• _About this exercise_
Only the text should come through, so restate the listing exactly and drop its images.

• _Information provided_
════════════════
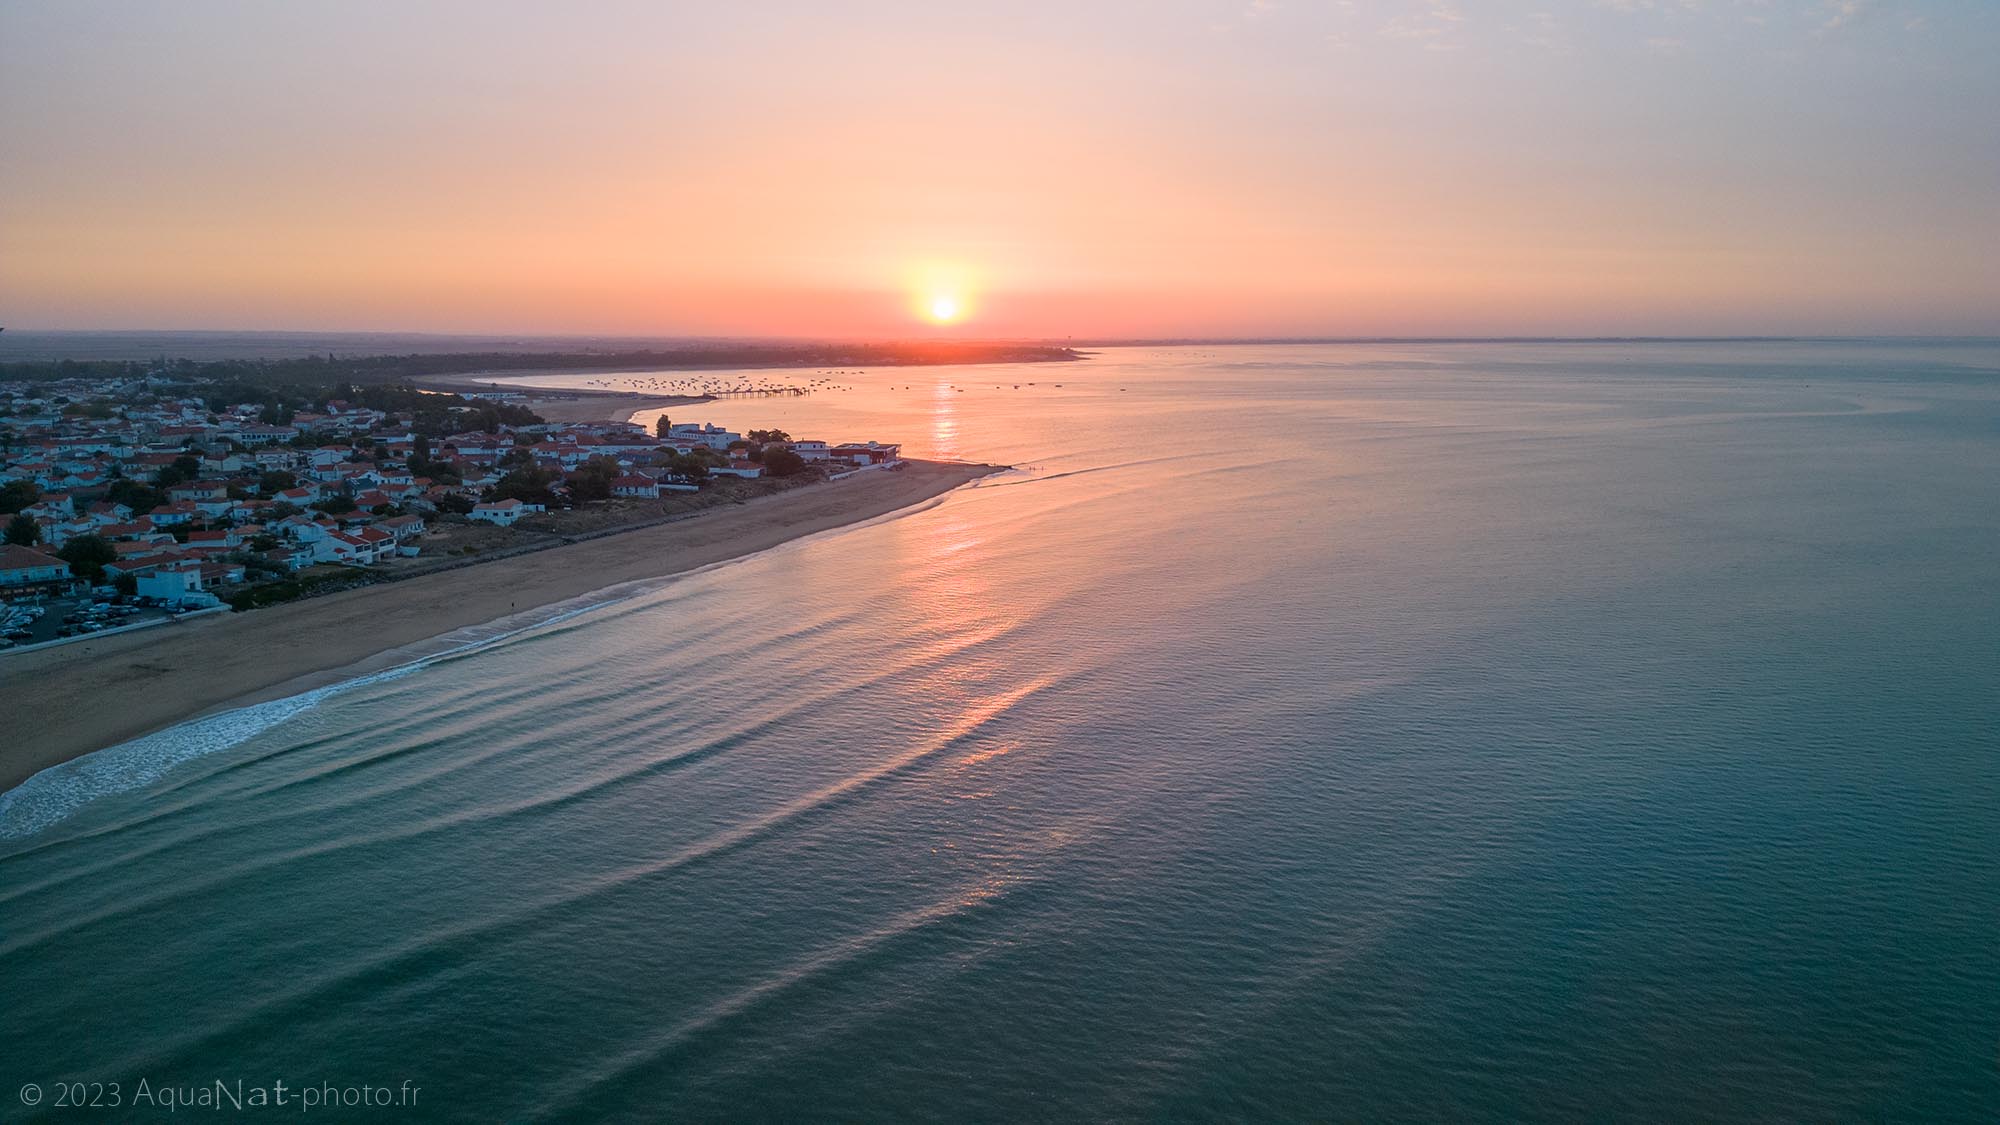 Vue aérienne du lever de soleil sur la baie de la Tranche sur mer aux couleurs pastels.
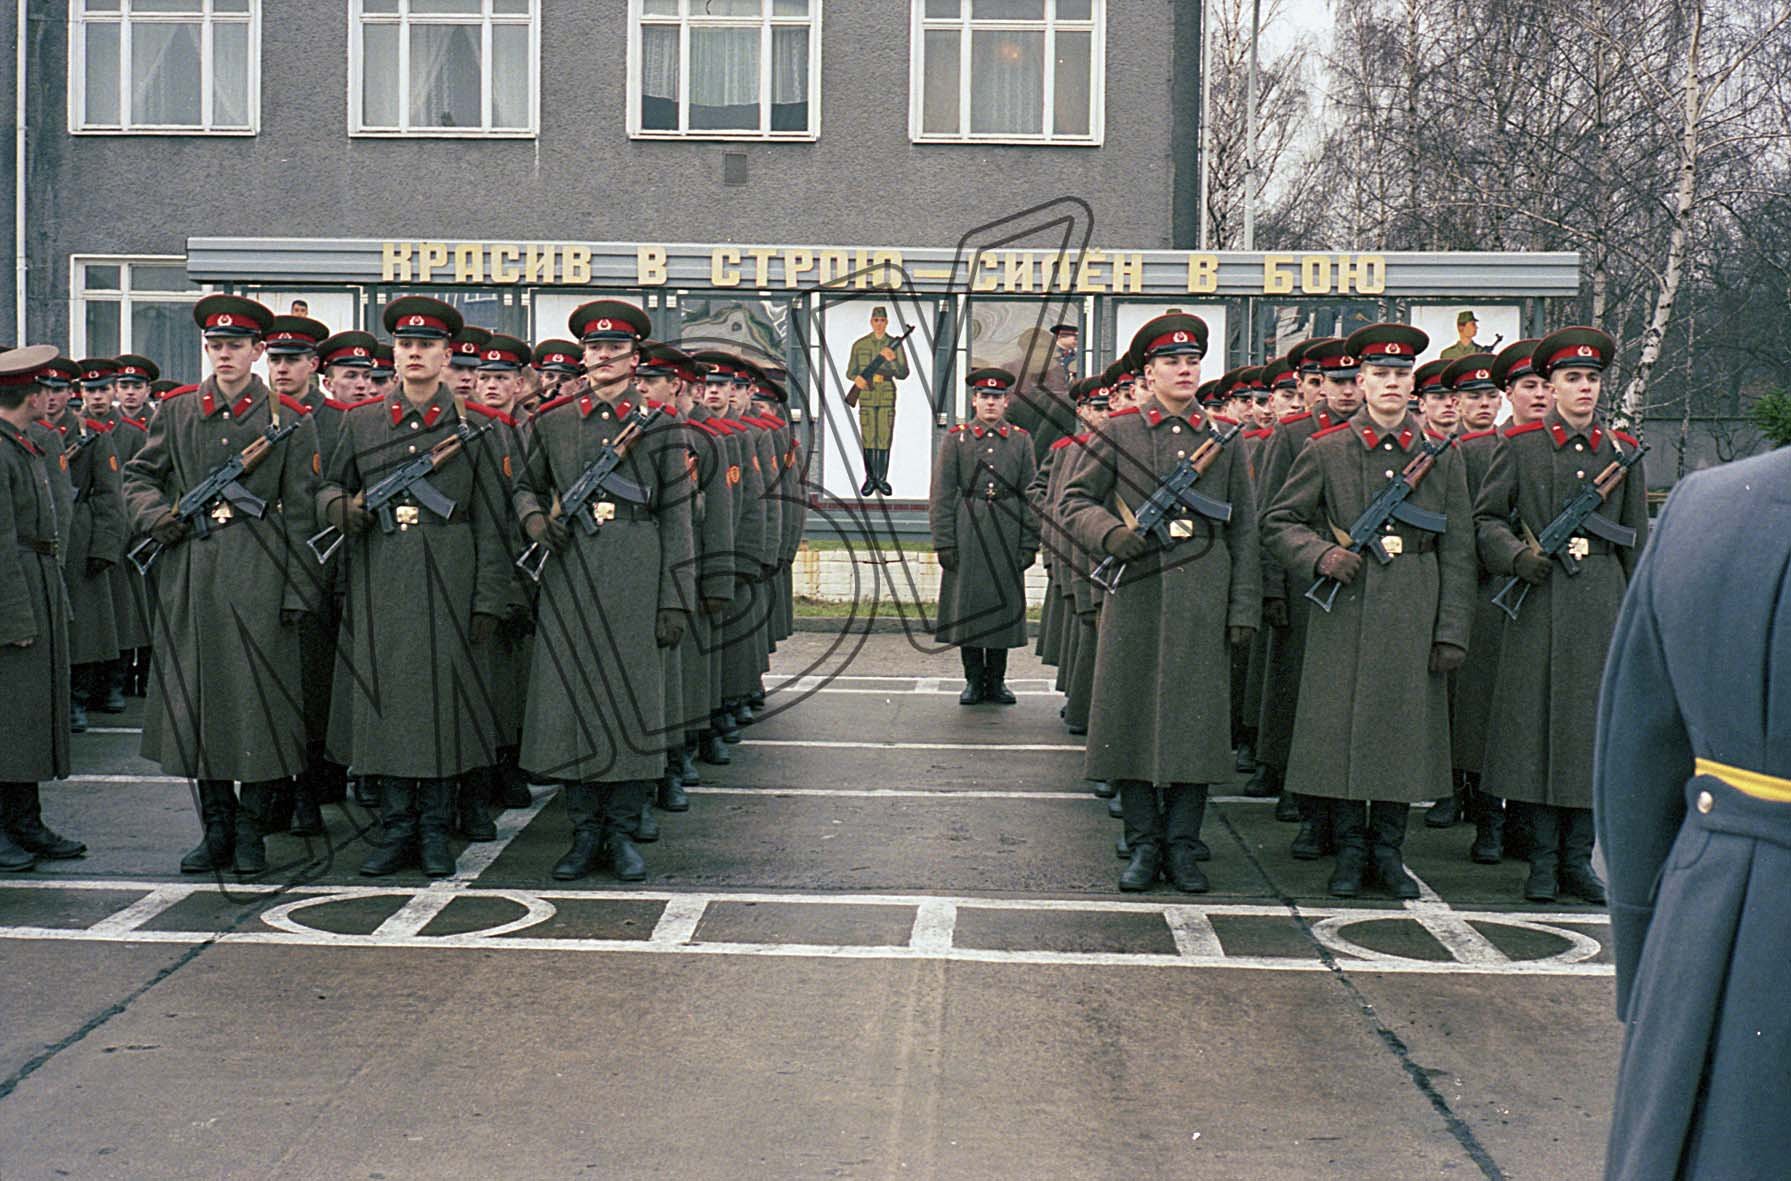 Soldaten der Berlin-Brigade vor der Vereidigung, Berlin-Karlshorst, Dezember 1993 (Museum Berlin-Karlshorst RR-P)
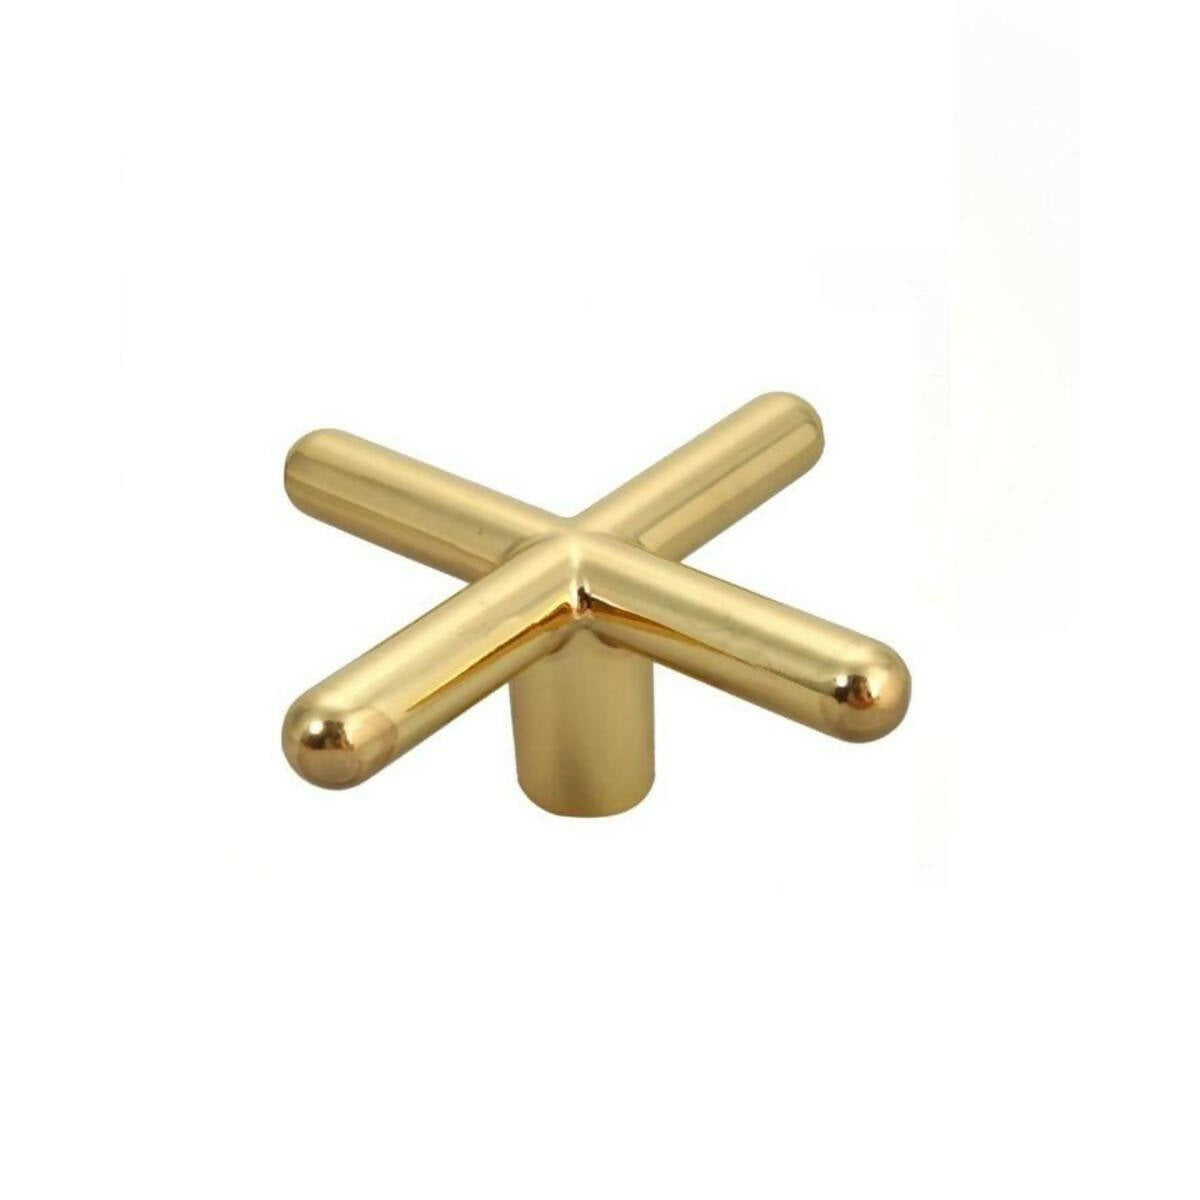 Brass Cross for Snooker Table
════════════════
• _Answer to the problem_
 Vue aérienne du lever de soleil sur la baie de la Tranche sur mer aux couleurs pastels.
 Soldaten der Berlin-Brigade vor der Vereidigung, Berlin-Karlshorst, Dezember 1993 (Museum Berlin-Karlshorst RR-P)
 Brass Cross for Snooker Table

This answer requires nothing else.